During the three months ended March 31, 2011, the Company capitalized $1.8 million (year ended December 31, 2010 - $4.1 million) of general and administrative expenses related to the Colombian full cost center, including $0.1 million (year ended December 31, 2010 - $0.3 million) of stock based compensation expense, and $0.4 million (year ended December 31, 2010 - $1.2 million) of general and administrative expenses in the Argentina full cost center, including $47,000 (year ended December 31, 2010 - $0.2 million) of stock based compensation.
The unproved oil and natural gas properties at March 31, 2011 consist of exploration lands held in Colombia, Argentina, Peru, and Brazil, including additions related to the newly acquired Petrolifera assets.
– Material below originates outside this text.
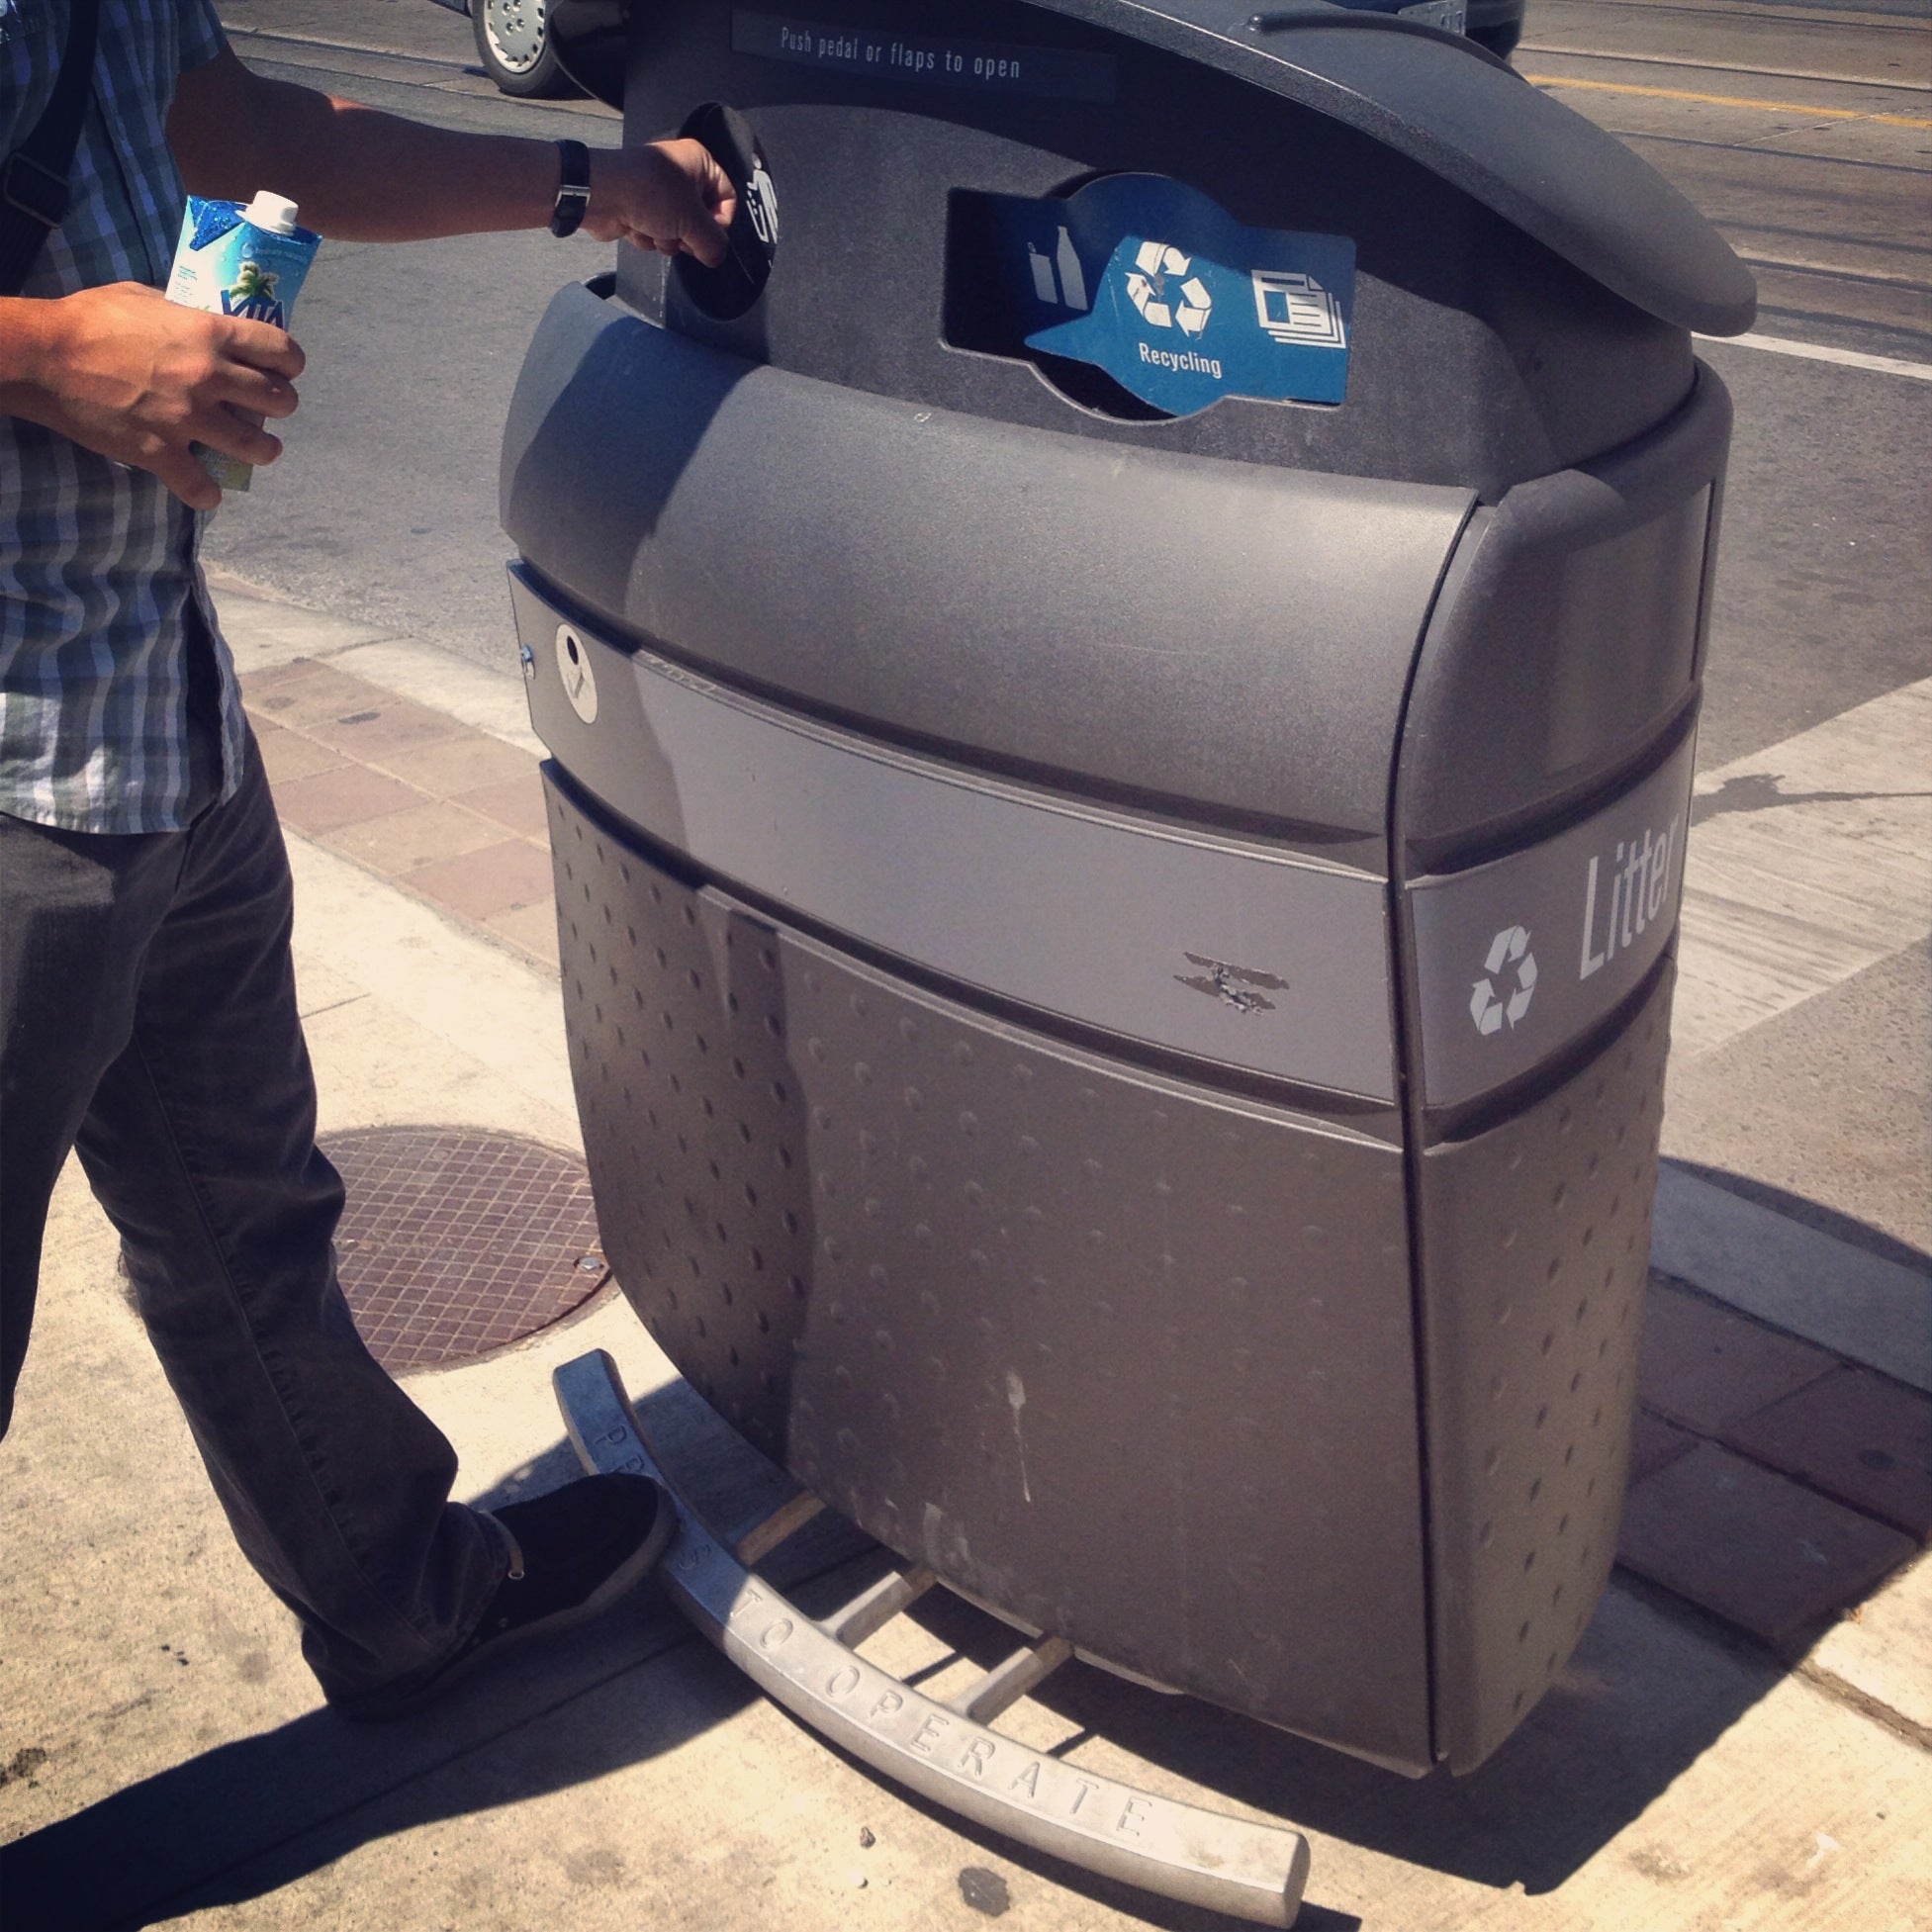 Pedal-powered bins line Toronto streets.

As at March 31, 2011, the Company had $308.7 million (December 31, 2010 - $228.8 million) of unproved assets in Colombia, $59.0 million (December 31, 2010 - $9.4 million) of unproved assets in Argentina, $21.8 million (December 31, 2010 - $28.2 million) of unproved assets in Peru, and $12.6 million (December 31, 2010 - $12.4 million) of unproved assets in Brazil for a total of $402.1 million (December 31, 2010 - $278.8 million). These properties are being held for their exploration value and are not being depleted pending determination of the existence of proved reserves. Gran Tierra will continue to assess the unproved properties over the next several years as proved reserves are established and as exploration dictates whether or not future areas will be developed.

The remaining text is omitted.